Shore realized that he was doing something many nonprofits could do, and this may have been his third great insight. To put his money where his mouth was -- or rather, where his heart was -- he formed a for-profit subsidiary of SOS, Community Wealth Ventures Inc., which helps other nonprofits get in touch with their inner capitalist child. "Our whole message is that nonprofits have more assets than they think," Shore says. "nonprofits never invest in themselves, in training, in benefits, in going after the best people. The culture of a for-profit is very different. It's got to sell things people want to buy -- from people who know what they are talking about."

To run his consulting firm, Shore tapped someone who definitely knew what he was talking about: Gary Mulhair, formerly the president and CEO of Seattle's Pioneer Human Services.
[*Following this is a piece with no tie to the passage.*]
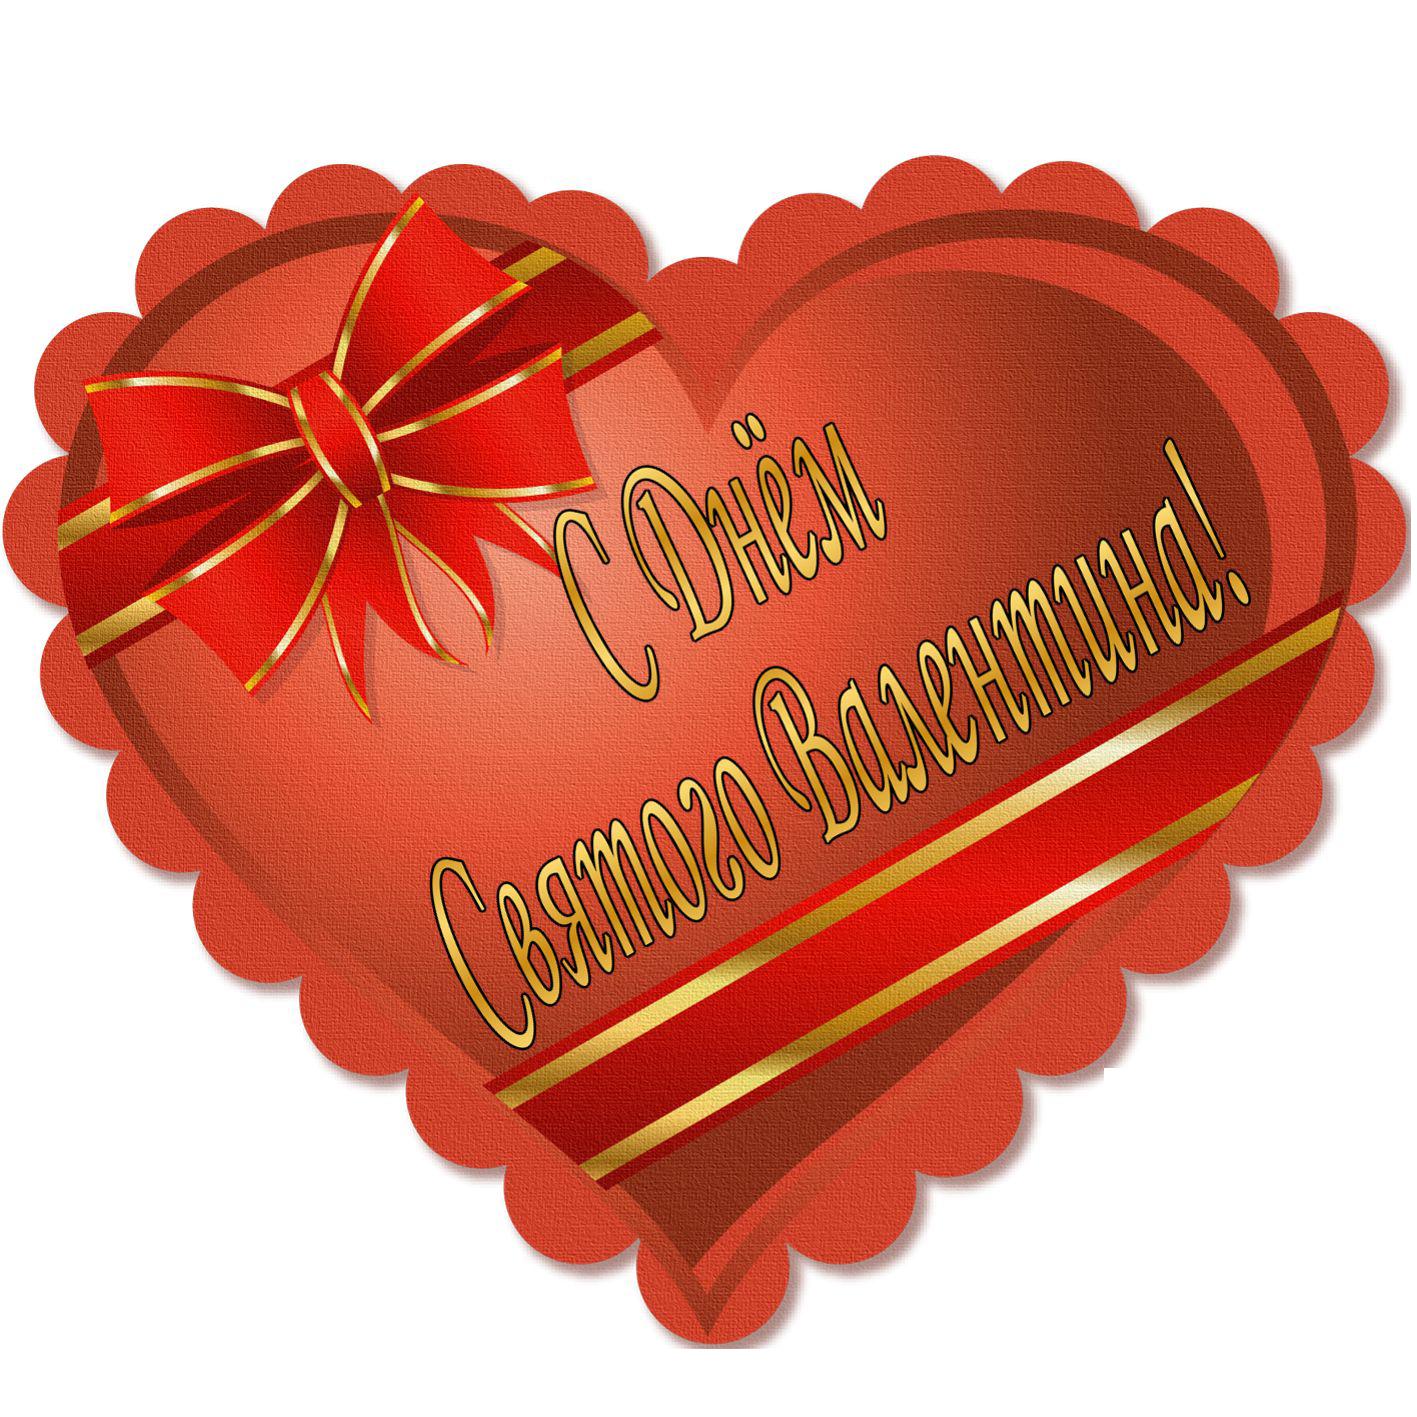 Юбилеем, красивые открытки в виде сердечка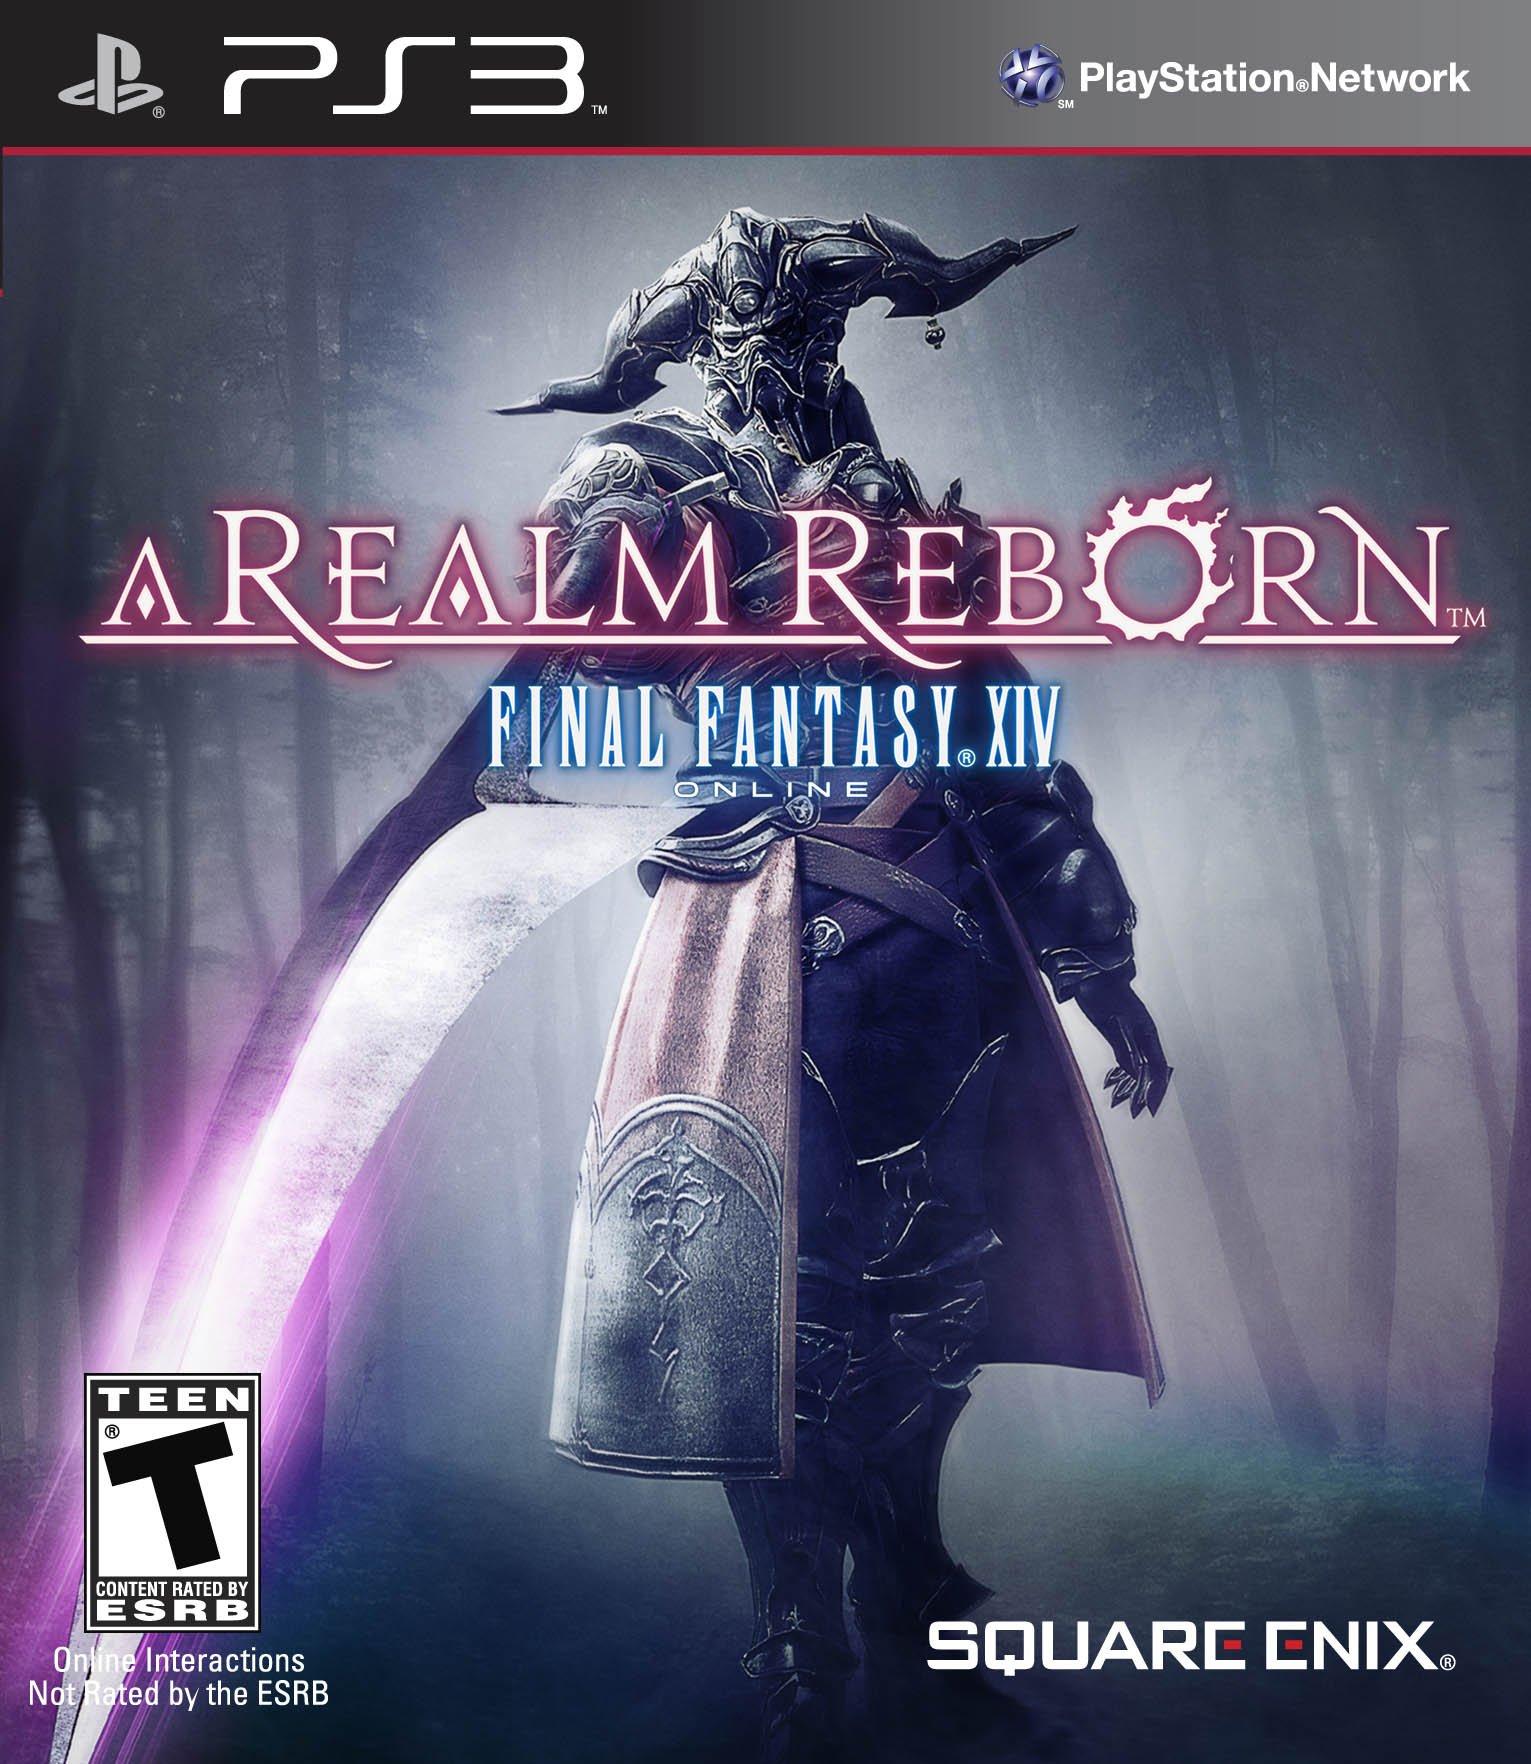 Final fantasy 14 release date

Since the early 1960s, it has been providing the needy with training, employment counseling, and, most important, jobs in Pioneer's machine shops and other businesses. "Almost 100 percent of our income is earned," says Pioneer President and CEO Mike Burns. "About 67 percent comes from the business that we run; 23 percent comes from services we provide to government -- contract services, not grants."

If there is a model entrepreneurial nonprofit, it's Pioneer. Formed originally to help ex-convicts find work, today it serves some 6,000 client-customers a year on a budget of $55 million. Its 10 business enterprises include the stylish Mezza Cafe at the Starbucks Corp. headquarters and two manufacturing plants, one of which produces cargo bays for Boeing Co. Pioneer has some 1,000 people on its payroll, most of them ex-offenders or people with alcohol and drug problems.

"We have a double bottom line," says Burns. "First, we run a surplus each year, which is important. And there's our mission, which is to give a second chance to people who are on the margins of society, usually ex-offenders or those with chemical addiction problems who are in recovery. We give them this second chance by offering housing, counseling, jobs, and training."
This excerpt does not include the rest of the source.